▶ **What you have to do**:
Your job with the data below: print everything from the line that holds "2 chatons Red" down to the line that holds "Schwarz / weiß", ends included, exactly, and nothing else.

▶ **Data supplied**:
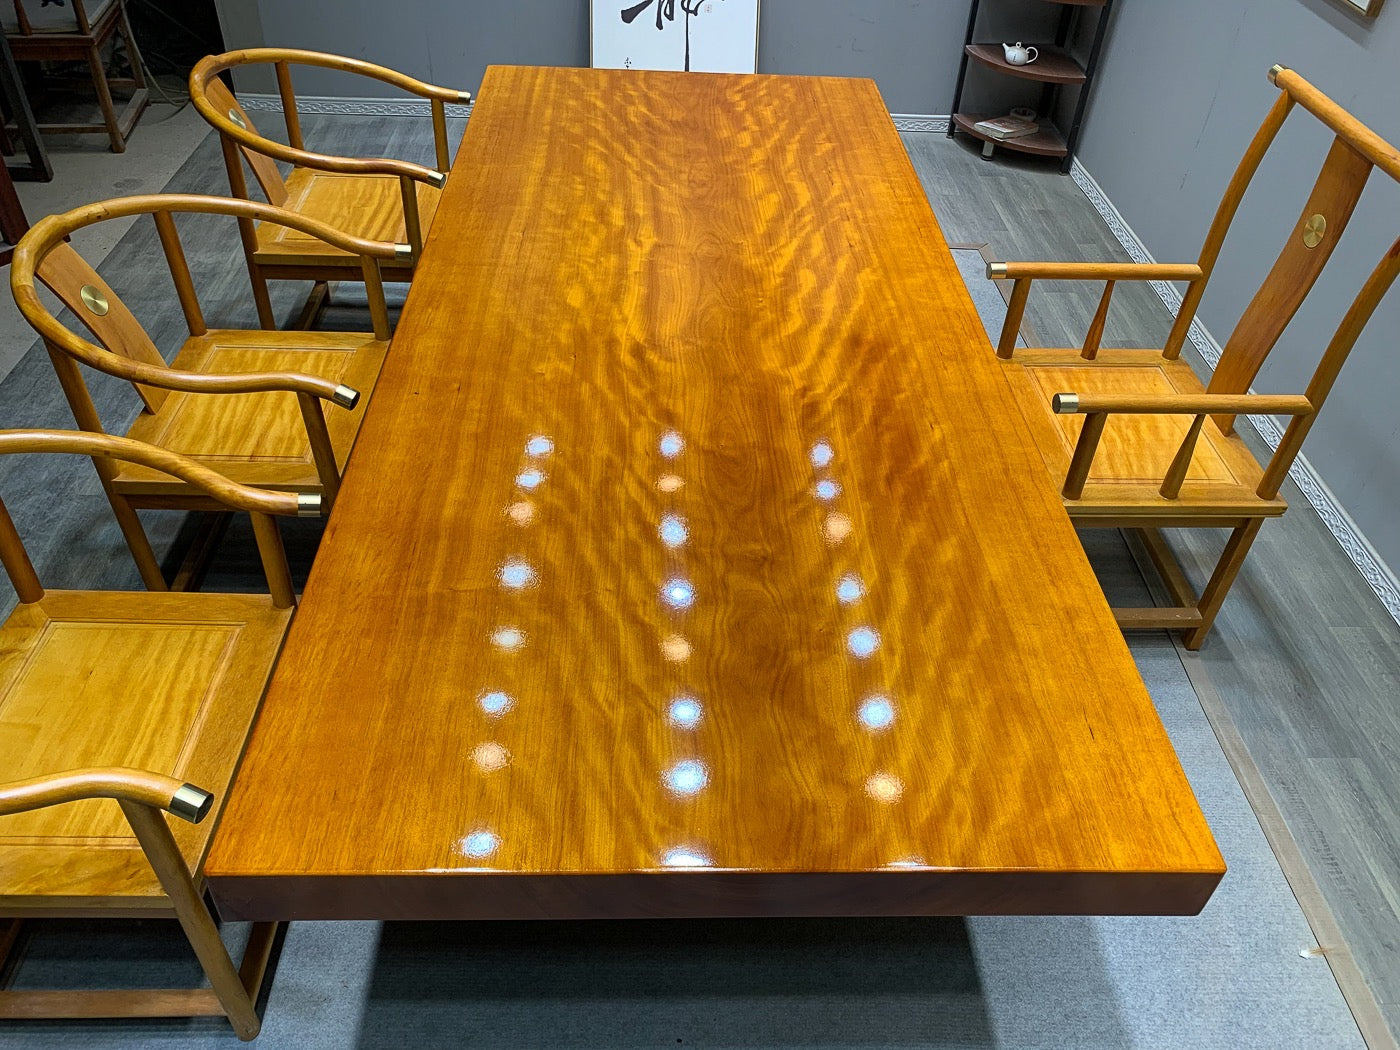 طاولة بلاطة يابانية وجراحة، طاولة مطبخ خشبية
==
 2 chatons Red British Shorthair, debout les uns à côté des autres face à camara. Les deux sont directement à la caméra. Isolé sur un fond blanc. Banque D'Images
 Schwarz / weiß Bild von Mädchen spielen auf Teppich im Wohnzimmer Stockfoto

▶ **Output of the task**:
 2 chatons Red British Shorthair, debout les uns à côté des autres face à camara. Les deux sont directement à la caméra. Isolé sur un fond blanc. Banque D'Images
 Schwarz / weiß Bild von Mädchen spielen auf Teppich im Wohnzimmer Stockfoto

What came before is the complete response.